If the spirits of our noblest bards yet retain any solicitude for their earthly fame, either as poets or as men, they perhaps would like to have met the fate of Mr R. I remain, dear Madam, Ryours, &c.

LETTER XI.

MRS COTTON.

Lichfield, March 17, 1788.

THE Consciousness that your health is so much amended, comes across my mind in a glow of satisfaction. Those strong maternal desires that, unfulfilled from year to year, pined in the pain of longing, sapt the foundations of your health; which, I flatter myself, the sight and affectionate

attentions of your daughter will build up again. Your name in the dramatis personæ of Richmond House delighted as a good omen on that subject.

Alas! poor Mrs Style! I hoped to have felt my heart expand again and again in the warm benevolence which shone out in her countenance, and in her manners. I should yet more regret that you have lost her, had you not told me that clouds of causeless dejection were apt to involve, and, during long intervals, darken its light. The idea of a friend's sufferings, so painful to us while they are endured, becomes lenient and consolatory when it hovers over their sepulchre; yet must you long. feel a dreary vacuity in Lady Fane's circle. Local circumstances are great nourishers of regret,

"When to the old elm's wonted shade return'd,
Then, then I miss'd my vanish'd friend—and mourn'd.”

It is peculiarly proper that I should condole with you on the loss of your friend this day—for it is the 17th of March; the birth-day of my lovely long-deceased sister, who died in her nineteenth year-" a fair flower soon cut down on our fields. The spring returned with its showers, but no leaf of her's arose :"-yet does not my heart forget this day, which gave to life an amiable creature, who shed the light of joy over many of my youth

ful years. Many are fled since she vanished from earth. Time balms sorrow, and there is a joy in grief when the soul is at peace. But I am conscious there are deprivations, the wound of which no time can balm. Then it is that anguish wastes the mournful, and their days are few. Heaven preserve my heart, and the hearts of all I love, from the corrosive impression of such a woe!

Here is nothing to be called news which can interest you. Some of us are grown very fine. The -'s and 's, whom you remember contentedly moving in general equality with their neighbours, have, amidst their, of late years, improving fortunes, taken great state upon themselves; affect to live in what they call style; to associate chiefly with Lords and Esquires of high degree in the environs. They think, no doubt, that thus externally elevating themselves, they shall excite the envy of their neighbours, that darling triumph of contracted minds. They certainly do excite it amongst the many who would act the same part if they had the same golden means. But there are two classes of people who look down upon such low-souled ambition, and all its silly ostentations; the religious and the literary. Earthly parade can draw no jealous glances from eyes that are often lifted up to Heaven; and the votaries of intellectual

and lettered pleasures, look upon their lacquies and lords, their strutting and their style, with as undazzled and untroubled eyes as eagles can be supposed to cast on glow-worms, when they have been recently gazing on the sun.

LETTER XII.

COURT DEWES, ESQ.

Lichfield, March 9, 1788.

HERE are copies of those two letters of mine, of former years, which you expressed a desire to possess, when I shewed them to you on your last visit to Lichfield. The first, addressed to the present Mrs Stokes, when she was unmarried, about the year 1781, for there is no date to the original, which she has lent me to transcribe for you.

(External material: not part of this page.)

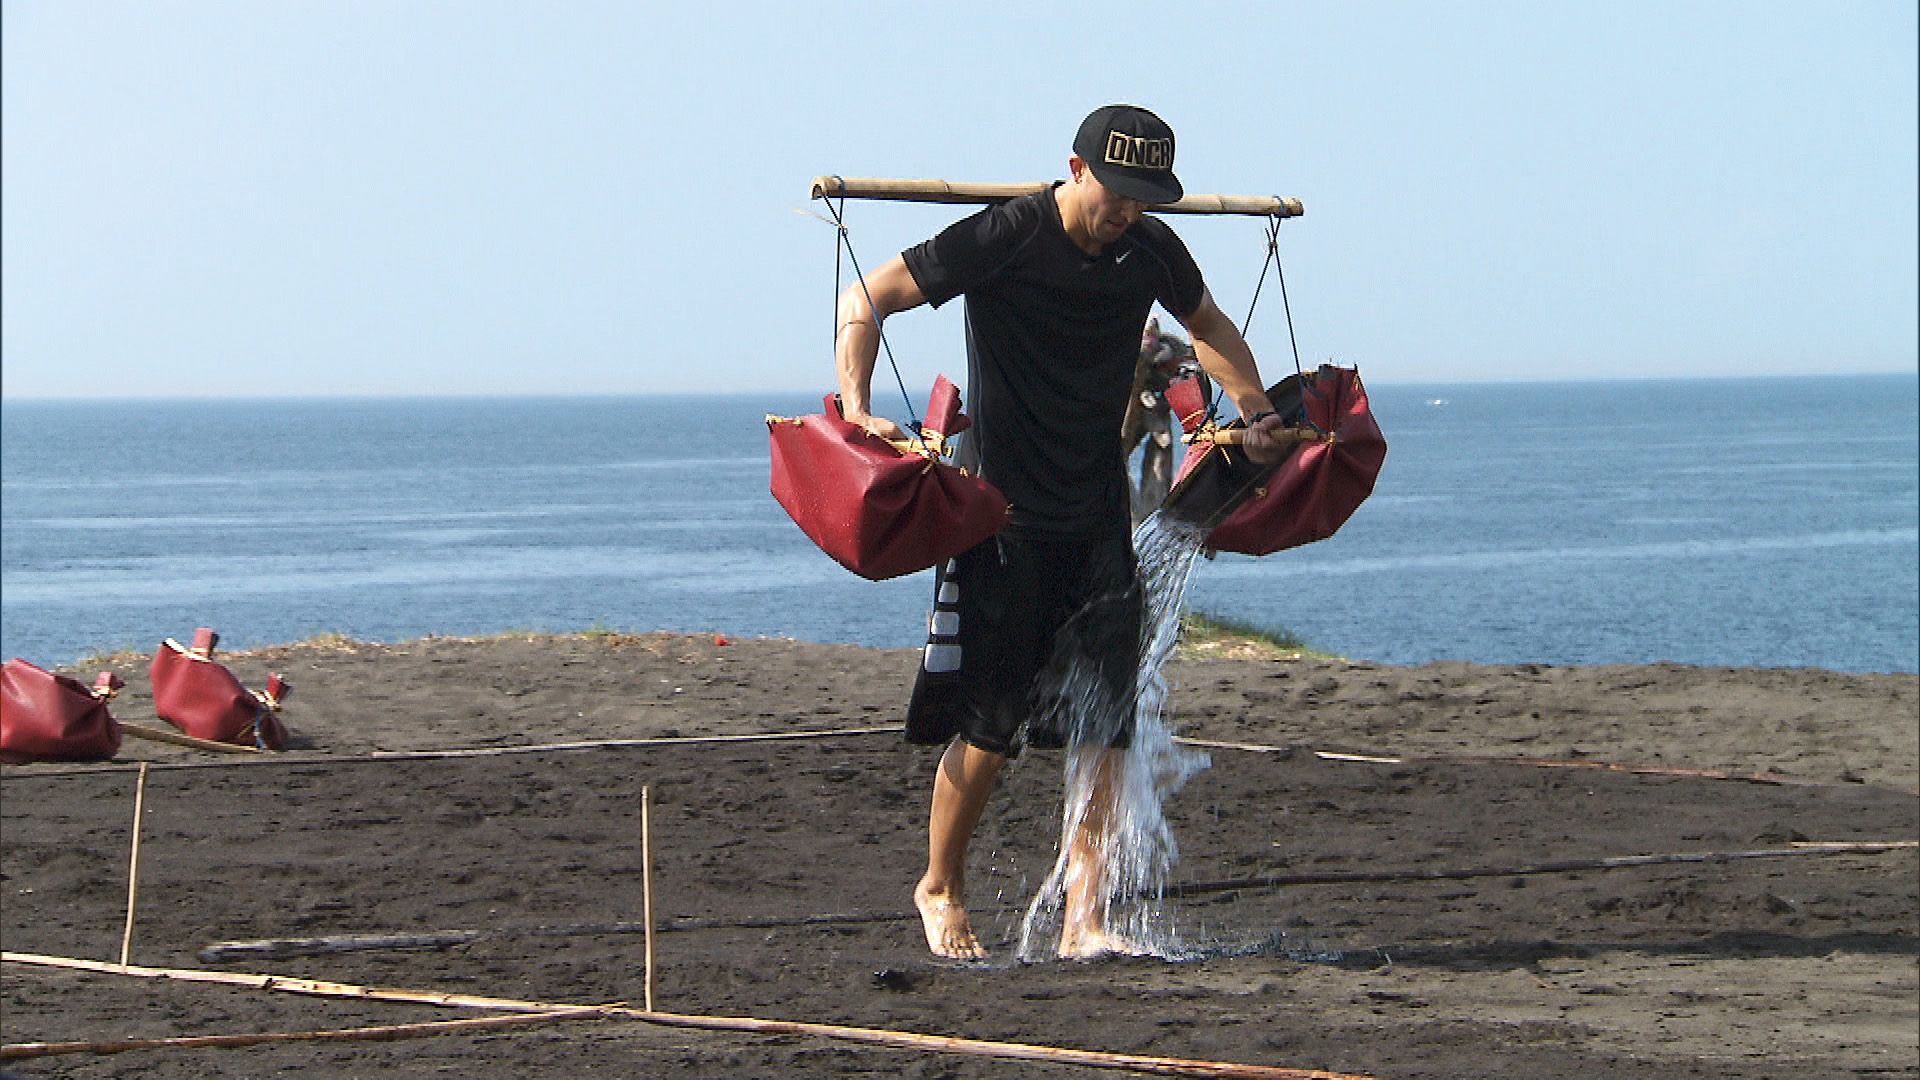 Matt helps a Balinese salt farmer by carrying water from the ocean.

"There is no contending with our fate, my dear Miss Rogers.-We must obey the time, and, amidst the press of our mutual avocations, submit to repose upon our certainty of each other's regard, with whatever seldomness our pens may witness it.

"I conceive the pleasure you must feel in the intoxicating activity of the chace. Our enjoyments depend almost as much upon the nature of our bodily organization, as upon the temper of our minds. Had I the fairy lightness of your form, and had escaped the accident which put a period, at twenty-three, to all equestrian exercise, I should feel great delight in mounting a fleet steed, and feeling him bear me, with bounding rapidity, over the hills. I remember the sensation of freedom and independence which I used to feel on horseback. In early rides, when the newly risen sum

mer-sun,

"With wheels yet hovering o'er the ocean-brim,
Shot parallel to the earth his dewy ray"

and amidst the dance of spirits, which youth and health, vegetable fragrance, and landscapes shining in the first lustre of the dawn, inspired, I used to say to myself, I have taken the wings of the morning, and will fly.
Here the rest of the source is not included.